Calgary police investigate racist graffiti at Chinese Consulate

Racist graffiti on the Chinese Consulate downtown is being investigated by Calgary police.

Words spray painted on downtown building looked at as possible hate crime

Racist slurs were painted on the brick wall of the Chinese Consulate on 6th Avenue S.W. (Mike Symington/CBC)

Police are investigating a possible hate crime after racist graffiti was spray painted on a wall at the Chinese Consulate in downtown Calgary early Wednesday.

Three people dressed in black and wearing masks approached the building on Sixth Avenue S.W. at 3:30 a.m., and spray painted a vulgar message before leaving, police said.
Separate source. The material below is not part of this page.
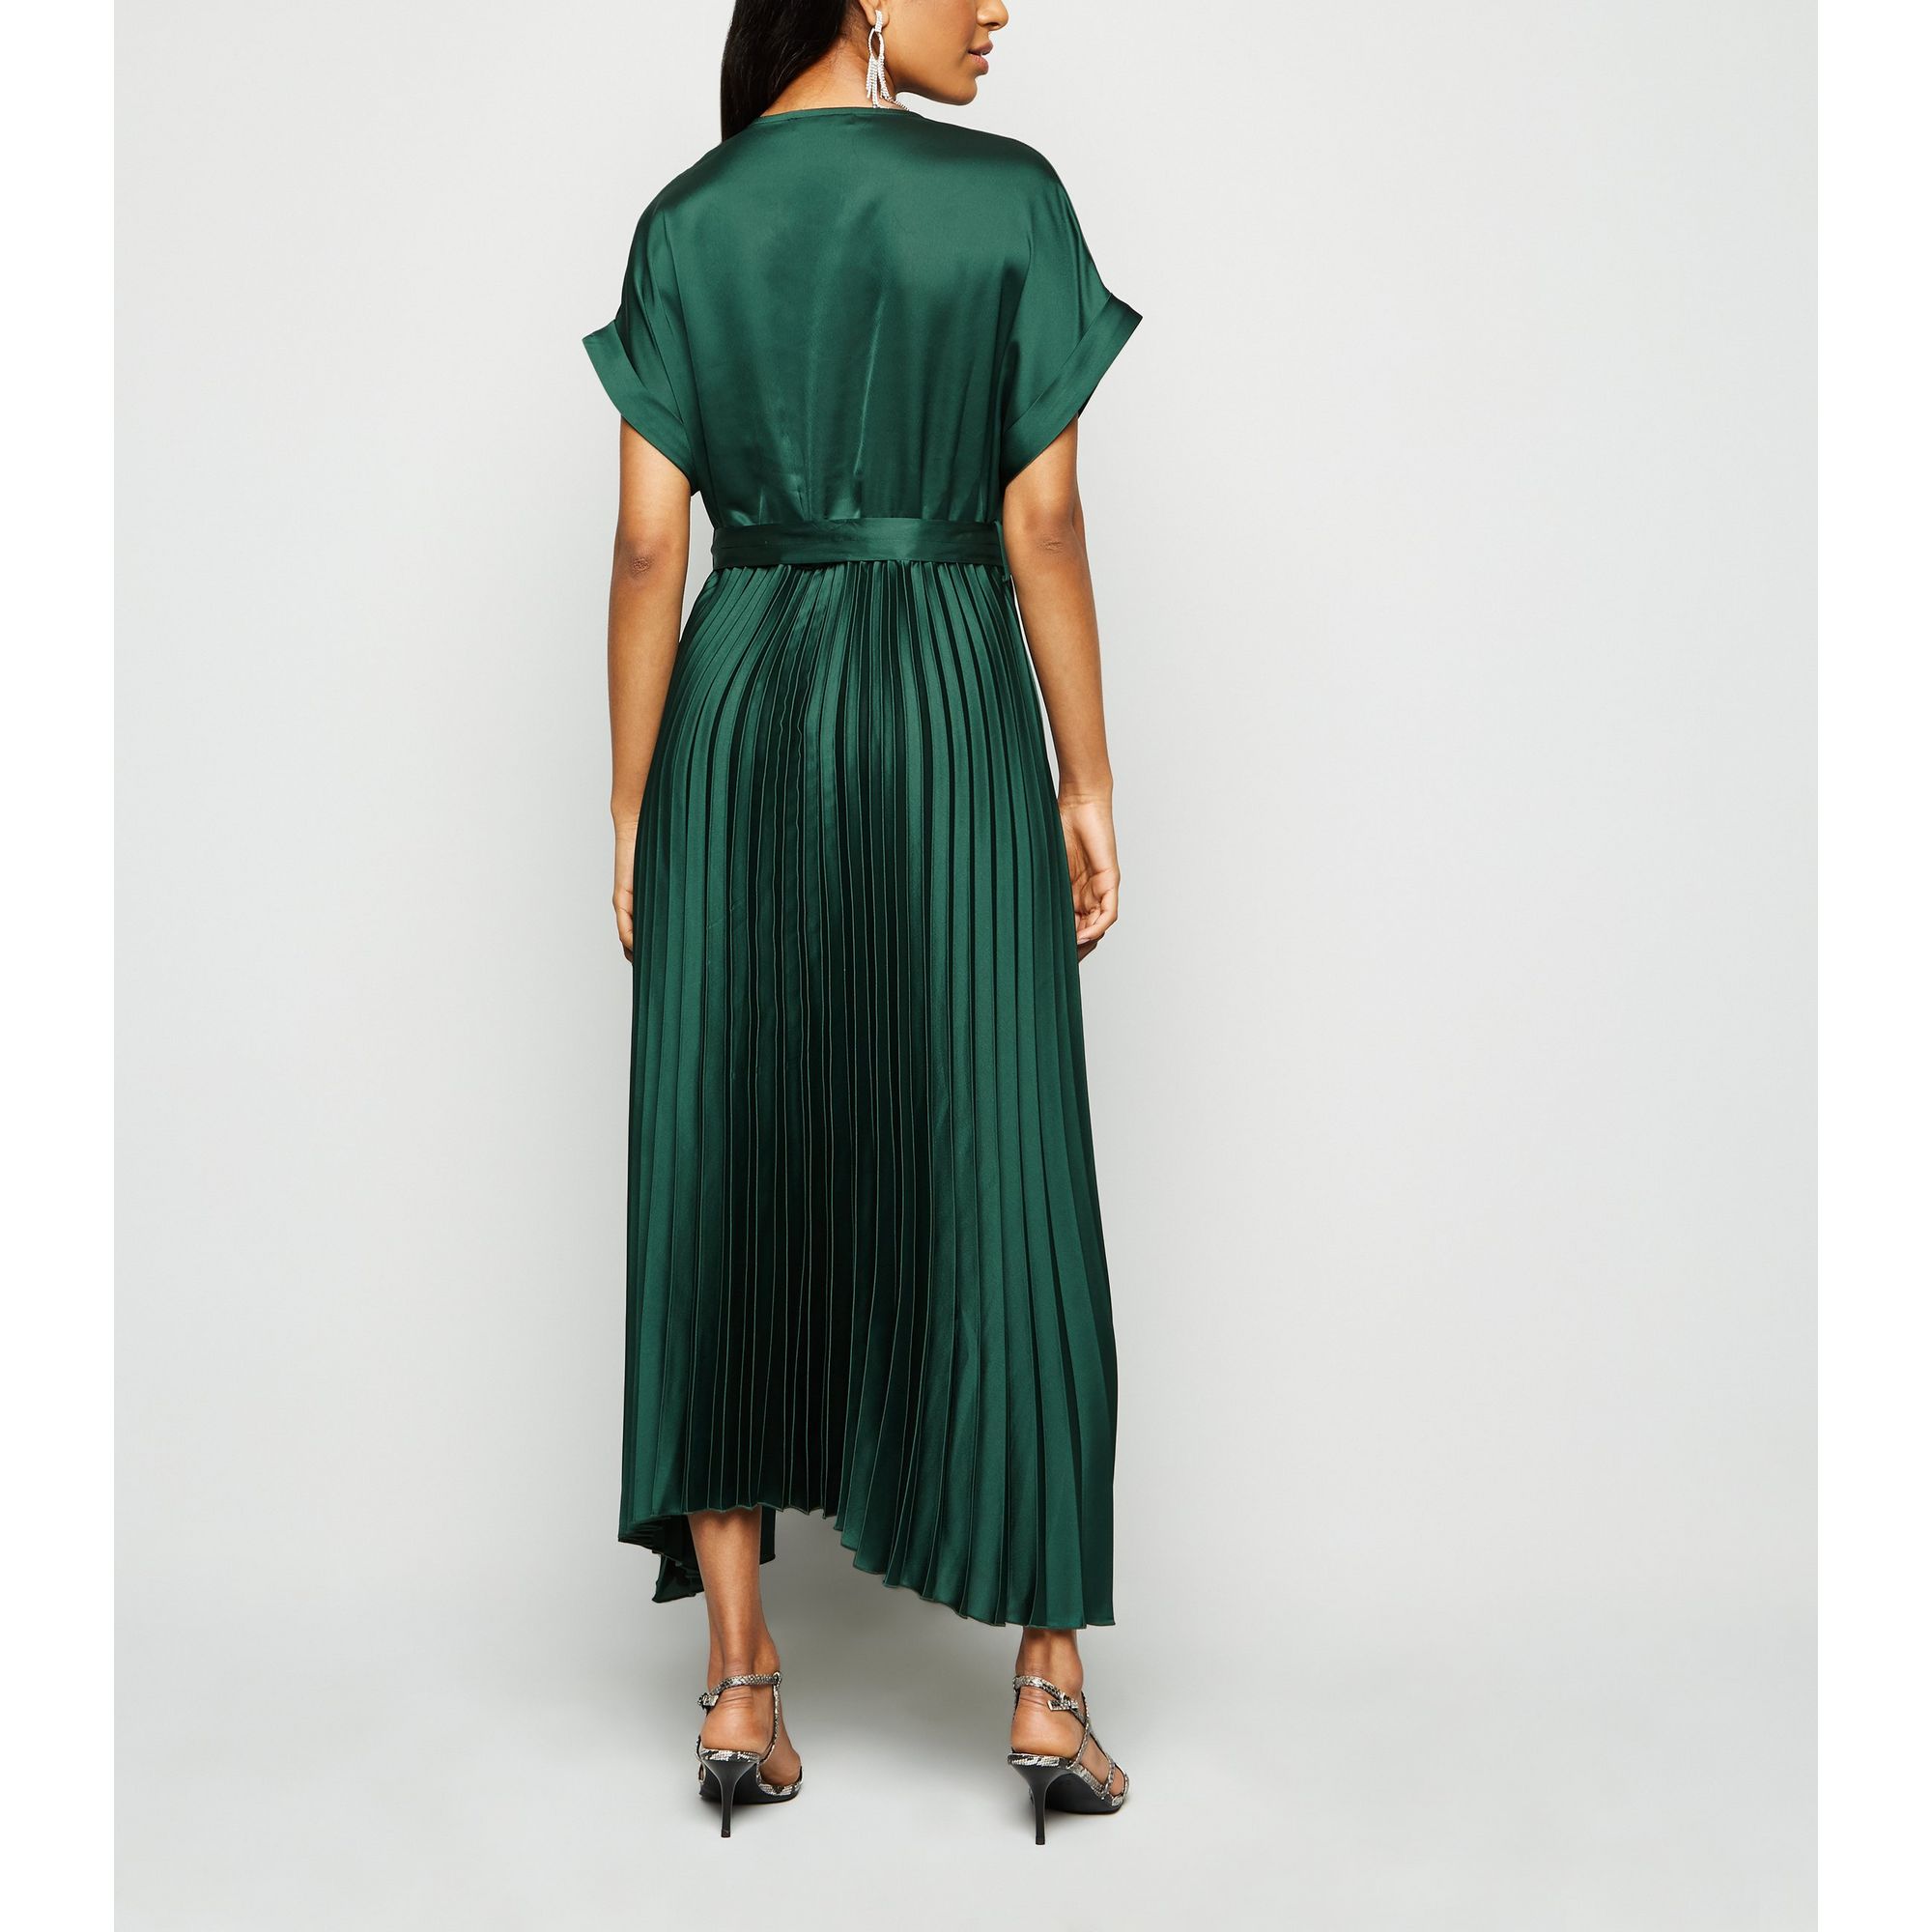 New Look Petite Pleated Satin Midi Dress | eBay

It was the second time this month the consulate has been targeted with graffiti. Another message was spray painted in front of the building on May 19.

The Chinese Consulate General turned over surveillance video captured by closed-circuit TV to police, who have released images of the suspects.

Police shared this photo, taken by a security camera, showing three people who allegedly spray painted a racist message on the Chinese Consulate in Calgary. (Calgary Police Service)

The graffiti included the phrase "China Virus." There have been reports of increased racism and hate-motivated crimes targeting the Chinese community and people of Asian descent during the coronavirus pandemic.

"The pandemic has led to a lot of political debate and strong views, and people are obviously free to hold whatever view they wish," said Const. Craig Collins, hate crimes co-ordinator with the Calgary police. "But when people are targeting others for ill treatment or committing crimes because of those views, we have a duty to get involved."

Police said there has been a slight increase in incidents targeting those groups.

"Generally, we have not seen the same spike in hate crimes that some other areas have seen," Collins said. "But we are hearing from the Chinese community that they are concerned about growing hostility, so we are monitoring it closely."

Police said hate-motivated crimes are crimes where the offender was motivated by bias, prejudice or hate based on certain personal characteristics of the victim, like race. Hate as a motivation is considered after a person is found guilty, during sentencing.

The consulate said in a statement that it strongly condemns the insult and threat, which it said violate both international and Canadian laws.

"The Consulate General encourages the police to solve this case as soon as possible, and take necessary measures to better protect the safety and dignity of the Consulate, its staff and its properties," a consulate spokesperson said in an emailed statement.